= William Moses (businessman) =

American entrepreneur and investor

William "Bill" Daniel Moses Jr. (born July 27, 1962) is an American entrepreneur and investor, specializing in the beverage industry. He is the co-founder of Kevita, a probiotic beverage company. He is currently Founder & CEO of Flying Embers, an alcoholic beverage line made of adaptogenic organic "hard" kombucha.

== Early life and career ==
Moses was born on July 27, 1962, in Homestead, Pennsylvania. Moses graduated from the University of Virginia in 1985 and started a career in finance and investment banking.

In 1997, Moses became the co-founder and CEO of Recovery Television Network and RNetHealth.com, a JV with Liberty Media, later sold to Liberty Media.

== Business ventures ==
Moses co-founded KeVita, Inc. in 2009 and served as its Chairman and CEO. KeVita provided the healthy beverage sector with a sparkling, probiotic functional beverage and kombucha for health-conscious consumers.

Bill developed KeVita from a small, regional brand to an international leader selling to 20,000+ retail locations across North America. Under his leadership, KeVita earned consistent recognition as a high–growth brand, transforming the functional beverage space. PepsiCo acquired Kevita for $220 million in 2016.

In 2016, Moses founded the R&D company, Fermented Sciences Inc. Moses next joined Whipstitch Capital in 2017 as the company's Senior Operating and Strategic Advisor. He was then named Executive Chairman of ICONIC Protein Drink in September 2017.
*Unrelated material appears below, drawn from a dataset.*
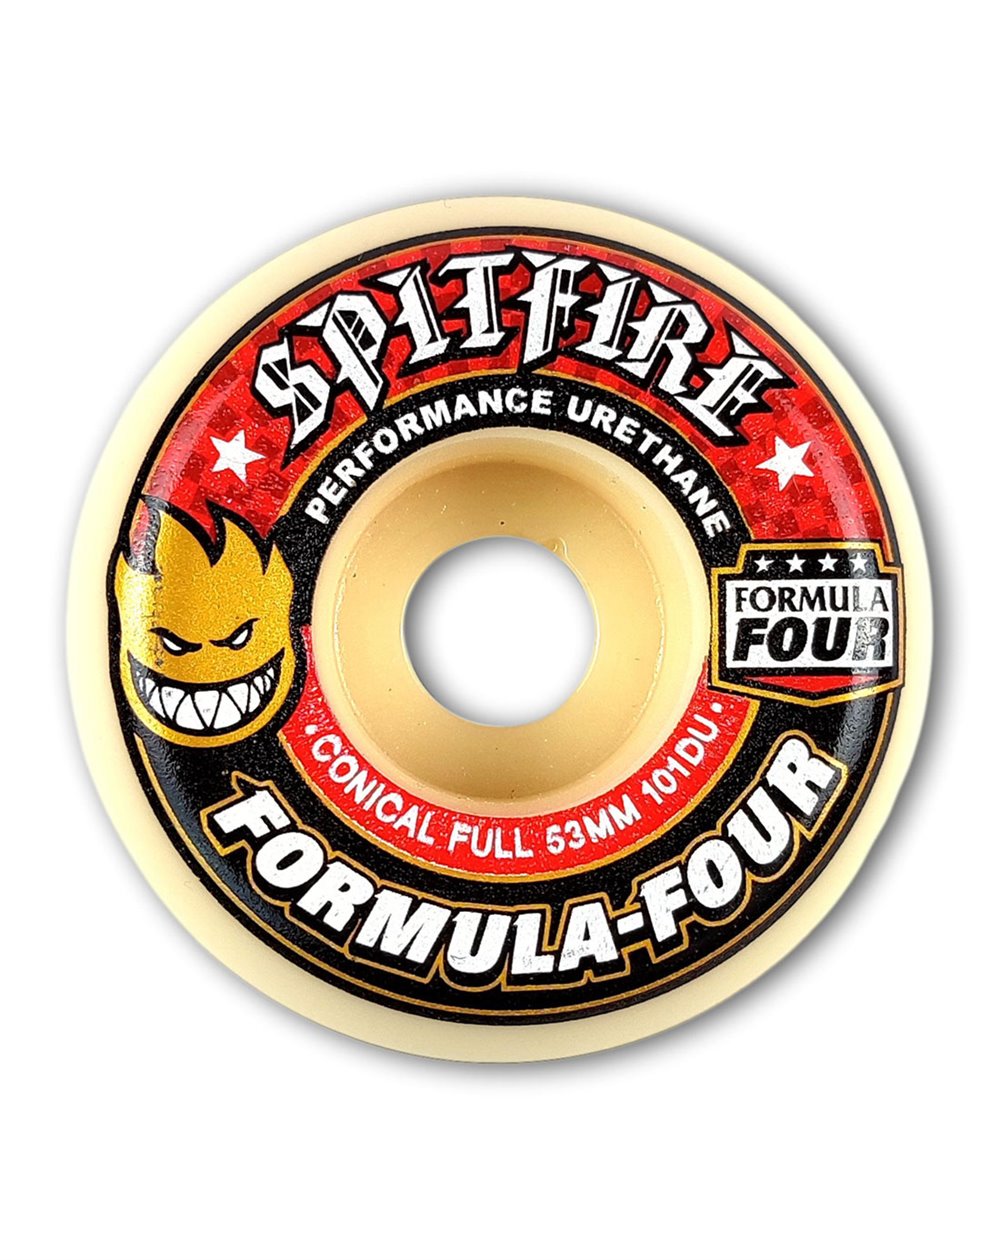 Spitfire Formula Four Conical Full 53mm 101A Skateboard Wheels pack of 4
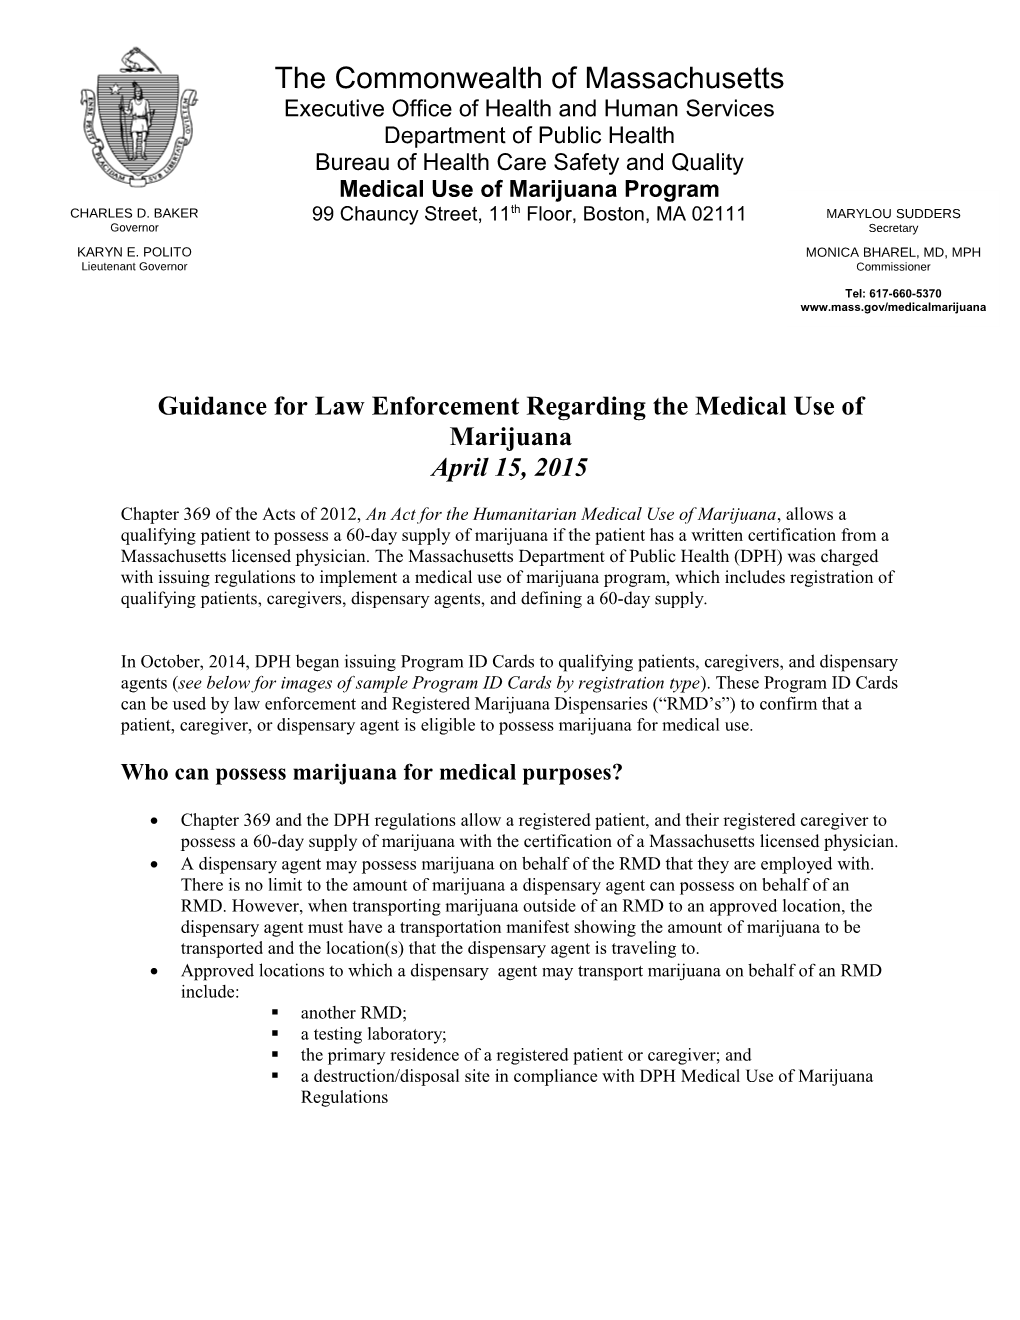 Guidance for Law Enforcement Regarding the Medical Use of Marijuana

In 2018, Moses joined the board of directors of Koia, manufacturer of a plant-based, protein beverage.

Moses is a strategic advisor, principal shareholder and board member of Wilde Brands, Vive Organic Wellness Shots, and Yooga Superfood Cup.

Moses is the Founder and Chairman of the Board of the Personalized Health Association, a federal 501 c4 advocacy organization.

== Awards and recognition ==

Recipient of the Ellis Island Medal of Honor by the National Ethnic Coalition of Organizations (NECO) for his outstanding citizenship, individual achievements and encouragements of cultural unity.

Named Honorary Chair of Cable Positive, a 501c3 that raised the awareness of AIDS via the media.

Moses is a member of the Board of Directors for the World Business Academy a non-profit and think tank in Santa Barbara, CA that advises business on environmental and social issues.